Here’s how I got derailed:

I was hoping to work on this this past Monday, and ended up with totally different plans. Drove 10 hours out of state Monday & returned Friday. Happy we were able to make the trip. Close family member is very ill (not covid). They are maintaining… for now.

Got home, found out we (my sons & I) were needed to play at church as the person who usually plays was going to be absent. Was able to get a song practiced late Saturday nite. :+1:t2:

Sunday evening found a half wild kitten in the shop, proceeded to catch said kitten, & got the crap bitten out of my fretting index finger & the thumb of the pickin hand which promptly bled everywhere & swelled up to 3x its normal size… From a kitten, kind of embarrassing :grimacing: …! So I didn’t pick at all today… almost physically impossible. Can’t believe I didnt grab the woodstove leather gloves first, Duh!

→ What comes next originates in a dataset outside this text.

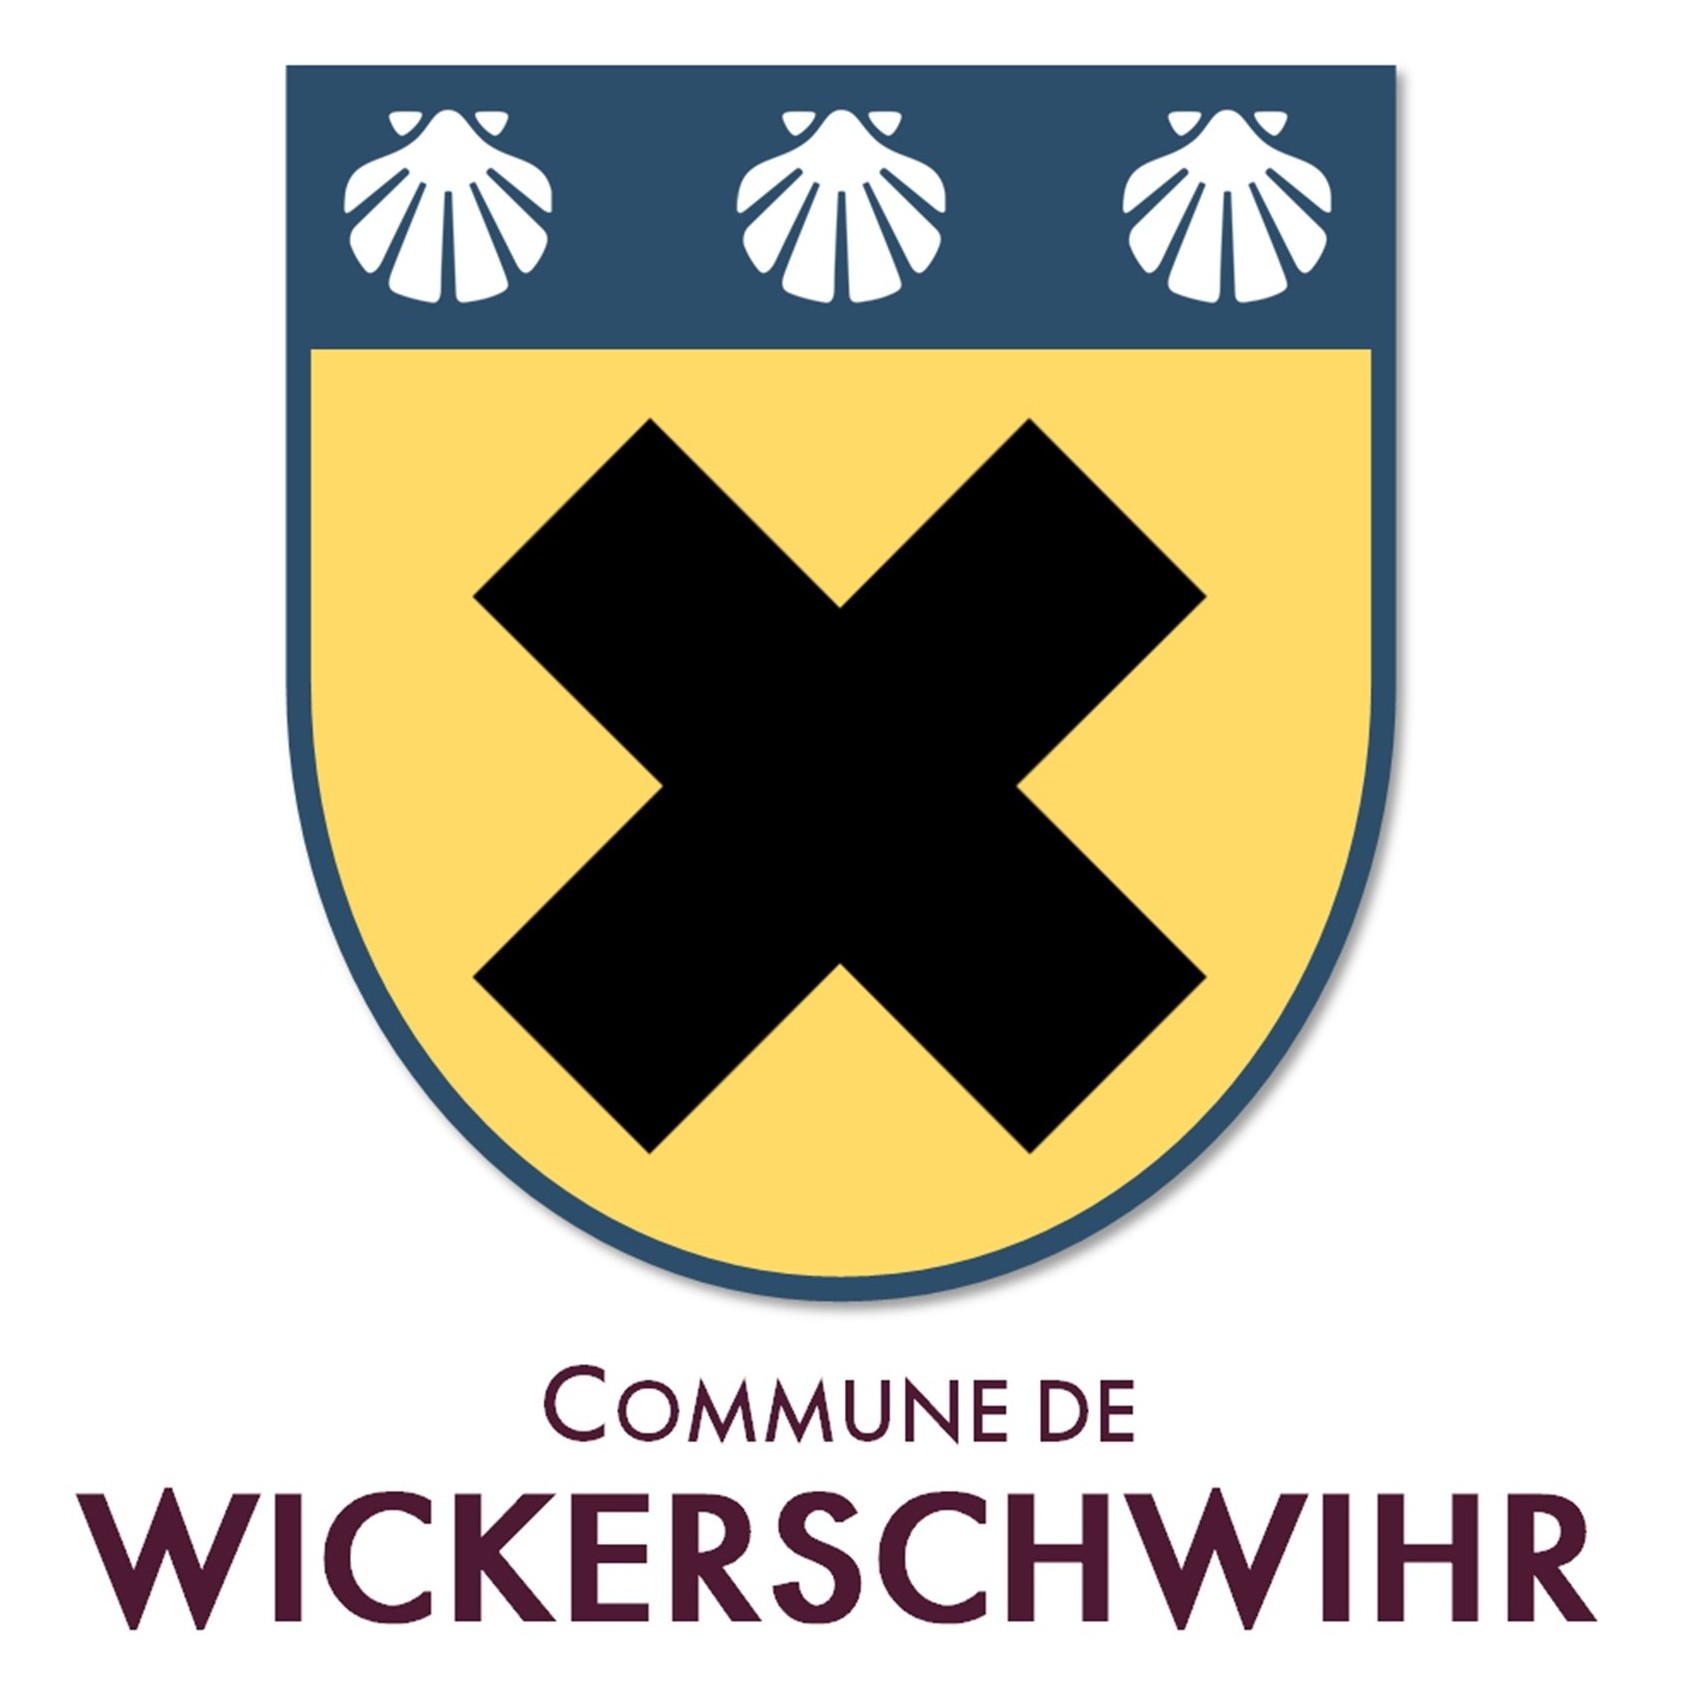 Commune de Wickerschwihr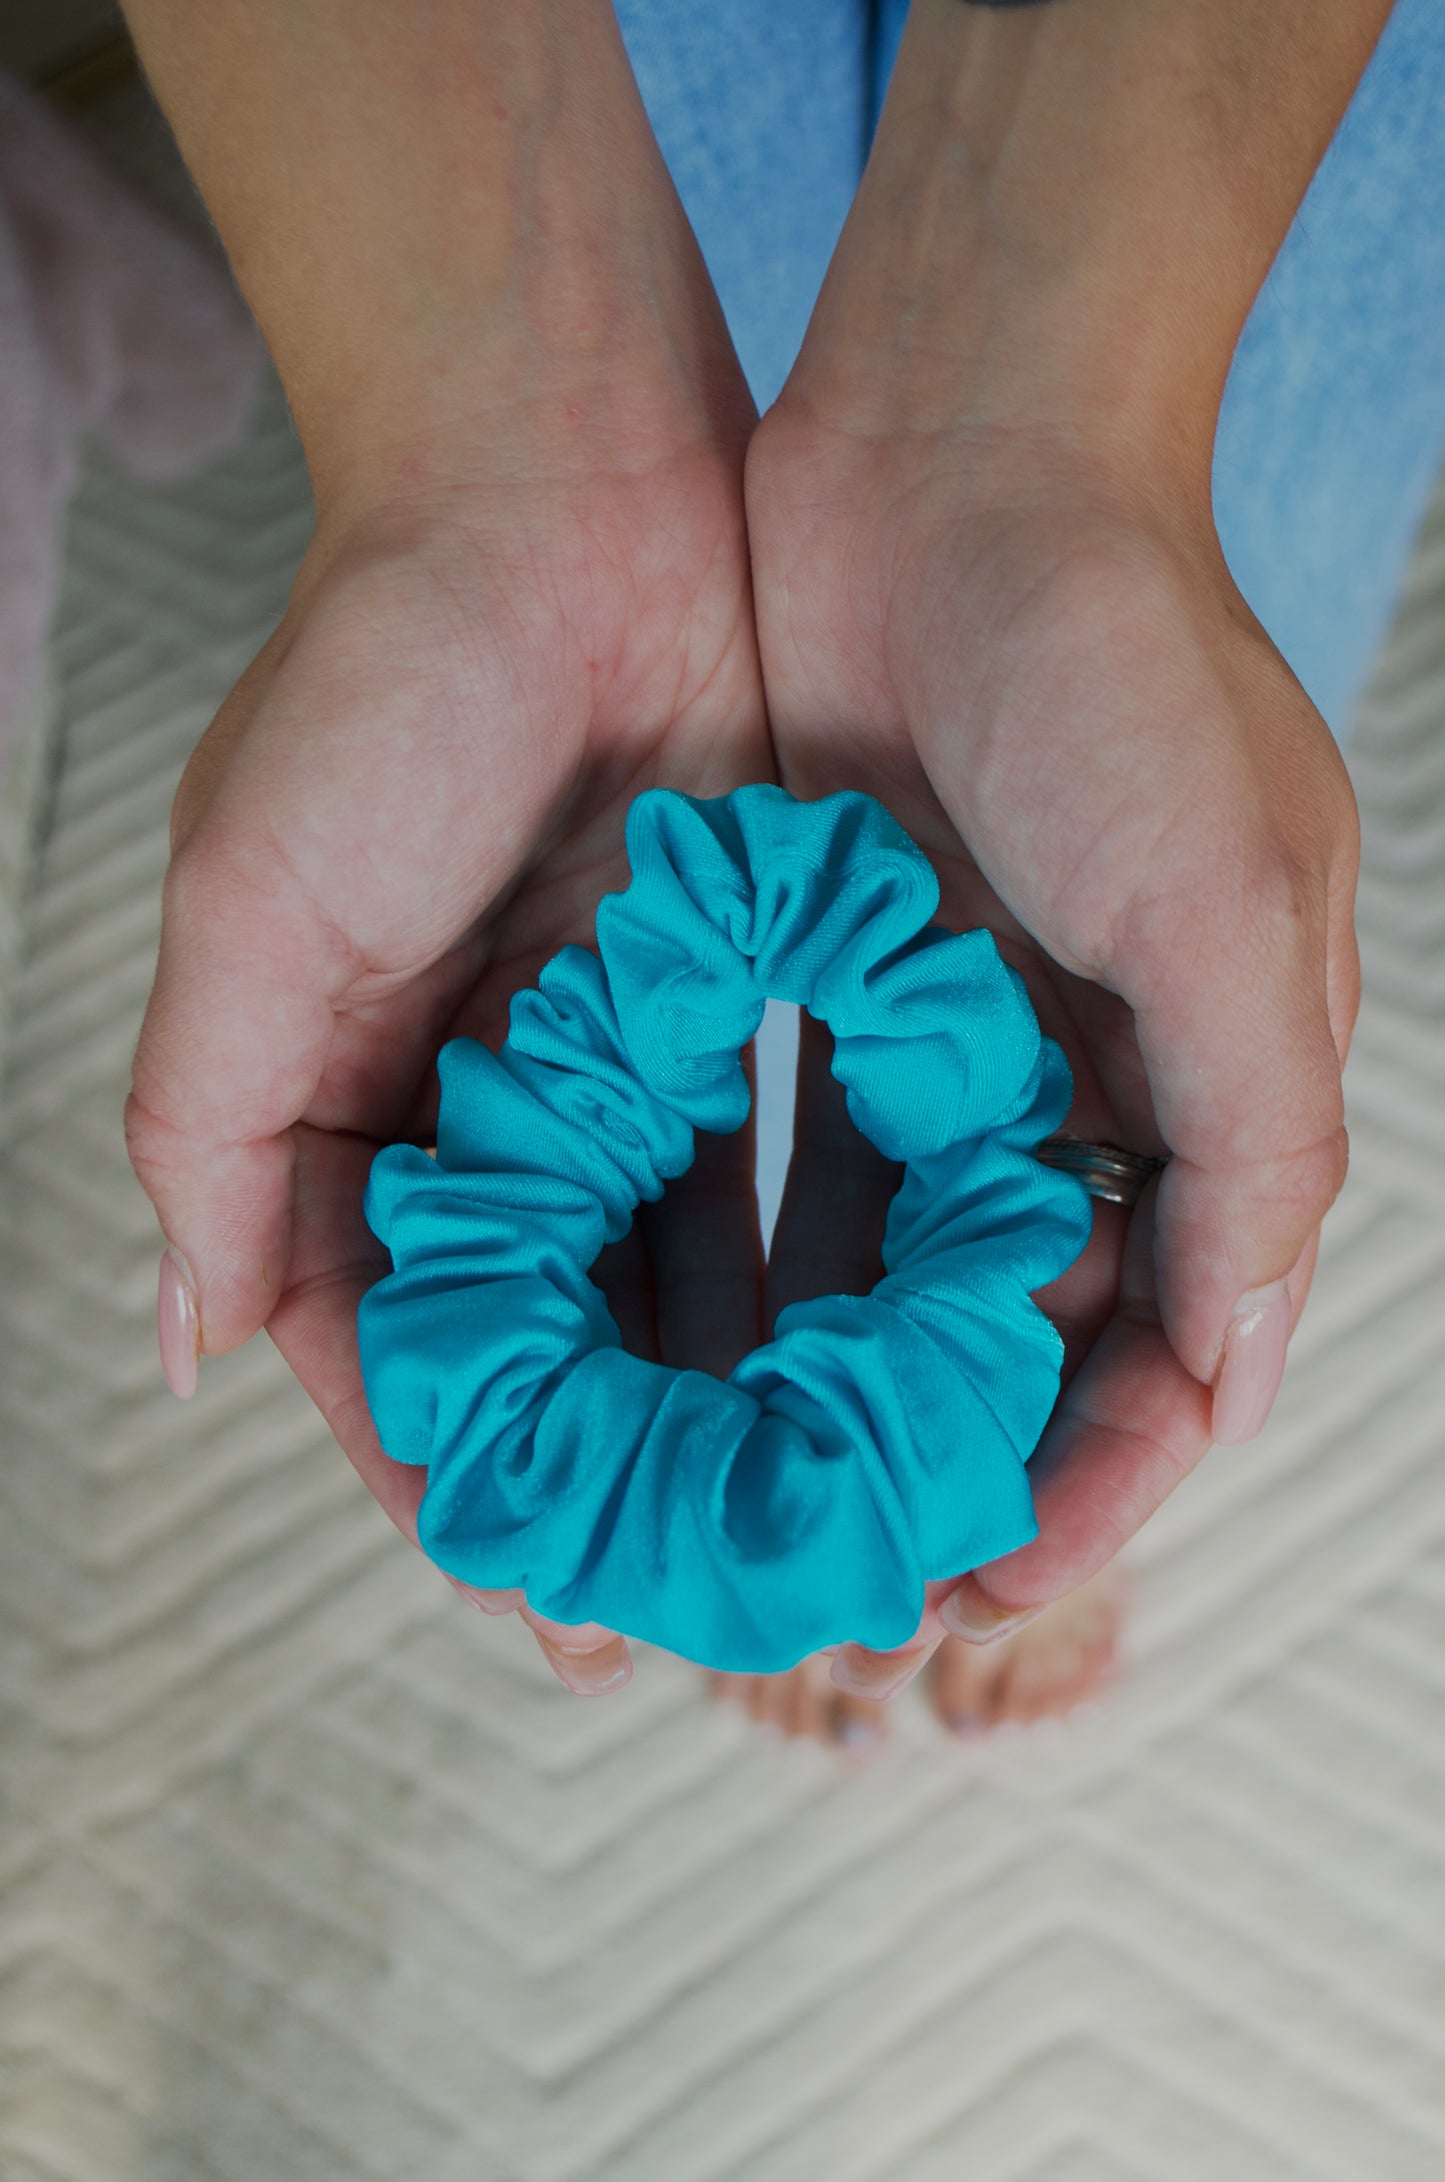 Bluewy Small Scrunchie

I will get back to this song as soon as I can bend my fretting finger again! I’ve got other mando things I was working on that are now on hold too… so I come on here & see what everyone else us up to… :sunglasses:

My wife references the “3rd eye” from time to time, so I came in here anxious to learn about a “3rd ear.” Needless to say, I feel silly. :joy:

3 Likes

I’d like to attempt too, I know it is going to be challenging. I guess I got the key, but due to blues feel its tricky. :slight_smile:

“3rd eye”, was that about Lord Shiva or about “illuminated ones”. :joy:

Oh no on the kitten. I have an old high school buddy that lives in Florida. His daughter has a pet racoon. He fed his outside dogs in the garage one eve, walked away, came back and the pet racoon was eating with the dogs. So he grabs the racoon (it gets fed other stuff) and the racoon ate him up alive. He slung it across the garage just to get it off of his arm it was tearing up. Told me he was flaming mad so he decided that the racoon had to go so he grabbed it’s cage in the house to pen it up and went back out to the garage to get the racoon (it was eating dog food again) so he grabbed it, it tore him up again but managed to get it in the cage. Goes in the house to tell his daughter that the racoon is “out of here come tomorrow”. Ha ha ha. His daughter had her racoon in her bedroom…it was a wild one!

He was a mess for at least a month. His arm got infected and nasty. I mean the thing ate him up on his arm. He told me he was a bloody mess.